Этот материал, казалось бы, еще вчера был школьным. «Народная воля», хождение в народ, Засулич стреляет в Трепова, убийство Александра II, улица Желябова, улица Перовской, вы жертвою пали в борьбе роковой… Впрочем, нет, это было уже позавчера, а вчера: бомба-«сардинница» в «Петербурге» Белого, пророчества в «Бесах», «хруст французской булки» как официальный образ дореволюционной России, Большая и Малая Конюшенные, и главное — устойчивые ассоциации со словом «террористы». Пожалуй, и этого исторического парадокса было бы достаточно для того, чтобы сделать спектакль. А актриса Илона Маркарова (автор идеи) и режиссер Джулиано ди Капуа пошли еще чуть дальше, не просто закольцевав сюжет (какая-нибудь коротенькая вульгарная аллюзия на день сегодняшний убила бы театр), но сделав бесконечный бег по кругу принципом построения спектакля. Радиус у этого исторического круга очень маленький — словно вы топчетесь на месте, и только голова отчего-то кружится.

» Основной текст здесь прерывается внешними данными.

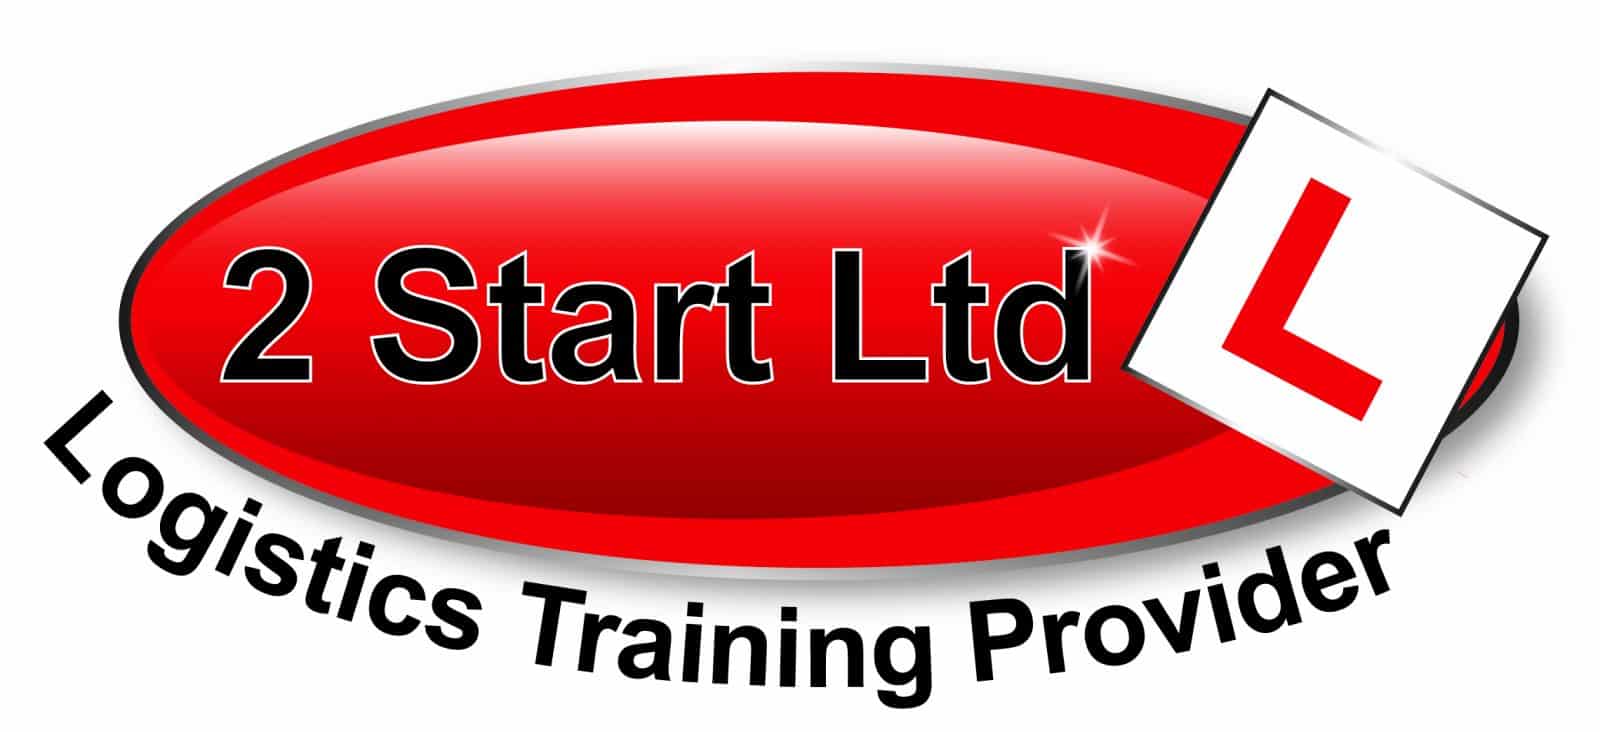 2 Start Ltd. Logo

Еще на темной лестнице Андрей Жуков, мгновенно убеждая в аутентичности происходящего лекторской повадкой и внушительной бородой, зачитывает письма Льва Толстого двум государям. Разница между письмами — двадцать лет. В первом — Александру III — просьба о христианском прощении «первомартовцев». Во втором — Николаю II — последнее предупреждение великого старца: «Треть России находится в положении усиленной охраны, то есть вне закона. Армия полицейских — явных и тайных — все увеличивается. Цензура дошла до нелепостей запрещений, до которых она не доходила в худшее время 40-вых годов. Религиозные гонения никогда не были столь часты и жестоки, как теперь, и становятся все жесточе и чаще. […]Самодержавие есть форма правления отжившая, могущая соответствовать требованиям народа где-нибудь в центральной Африке, отделенной от всего мира…» Второе письмо написано в ожидании близкой смерти: «Мне не хотелось умереть, не сказав вам того, что я думаю о вашей теперешней деятельности…» Это и есть камертон спектакля: свое право говорить и быть услышанными его герои заслужили смертным приговором.

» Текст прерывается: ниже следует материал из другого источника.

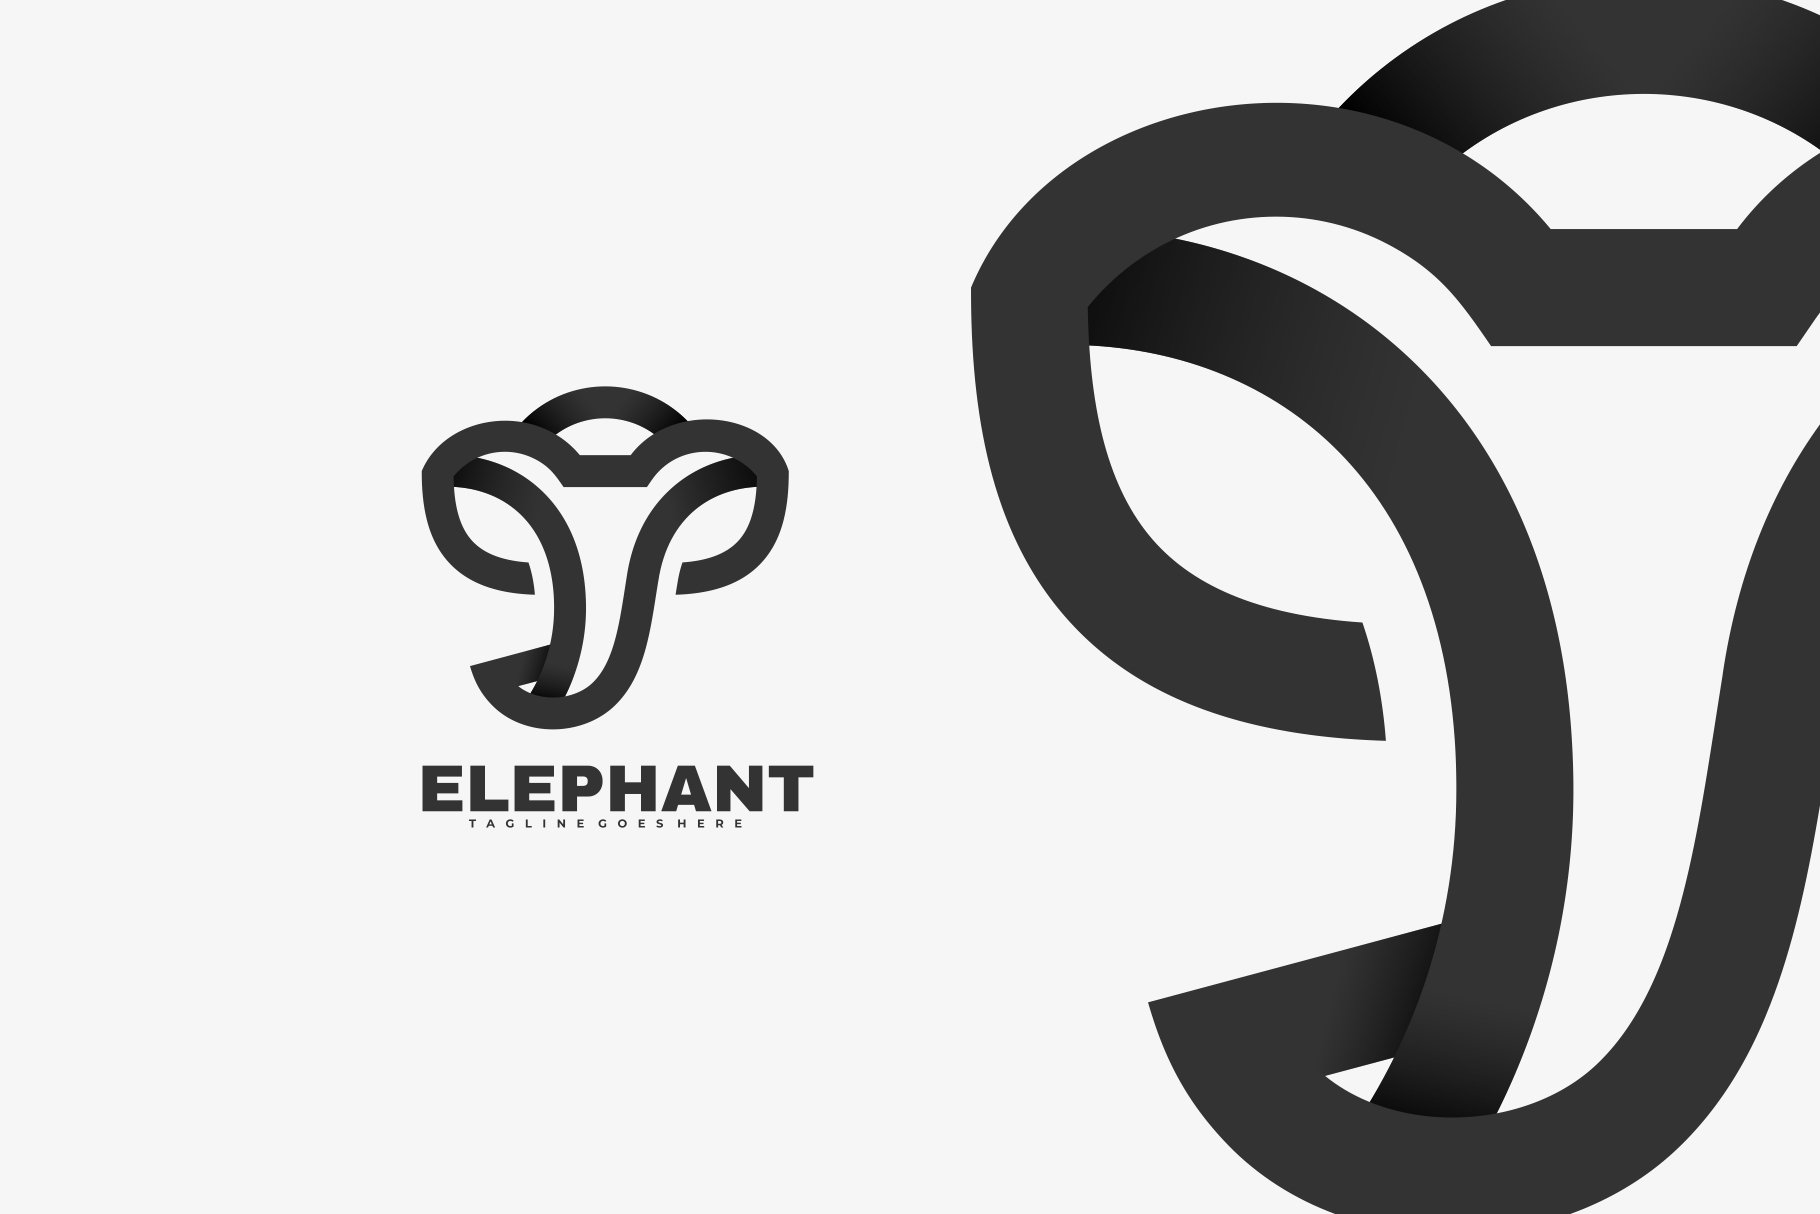 Elephant Line Art Logo cover image.

«Явочная квартира» в «Жизни за царя» оставляет живым «музейным экспонатам» крохотный кусочек пространства: стол накрыт скатертью, окна завешены, лампа под абажуром отбрасывает мягкий свет, елка с игрушками в углу, свечи, мандарины, гитара. Ночные посиделки, застывший Новый год остановленного времени, вечные наши кухни с вечными спорами о «судьбах России». Хозяйка прекрасна, гости настроены философически. То ли, по Достоевскому, «вотировать собрание», то ли так за кремовыми шторами чаю выпить.
Мемуары, судебные речи, воззвания, личные письма, протоколы, выступления и тексты листовок — «голосам из хора» нет нужды петь в унисон, у каждого героя своя партия, никакой гармонии нет, чем больше разлада — тем острее правда. Актеров за столом четверо, но персонажей куда больше, между ними подчас мало общего, и «внутри» одного исполнителя могут уживаться или спорить несколько голосов. Слова Веры Засулич, Веры Фигнер, Андрея Желябова, Николая Кибальчича, Геси Гельфман, Степана Халтурина и других — не повод к разоблачению «господ бомбистов» и не оплакивание героев, а всего лишь неистощимый источник противоречий. От оправдания к осуждению и вновь — по кругу — за время спектакля зритель успевает проделать путь несколько десятков раз. Мучительная досада от невозможности остановиться, уютно зафиксироваться хоть на какой-нибудь позиции, умело нагнетаемая спектаклем тоска по определенности — все это делает «Жизнь за царя» одним из самых драматически напряженных петербургских спектаклей.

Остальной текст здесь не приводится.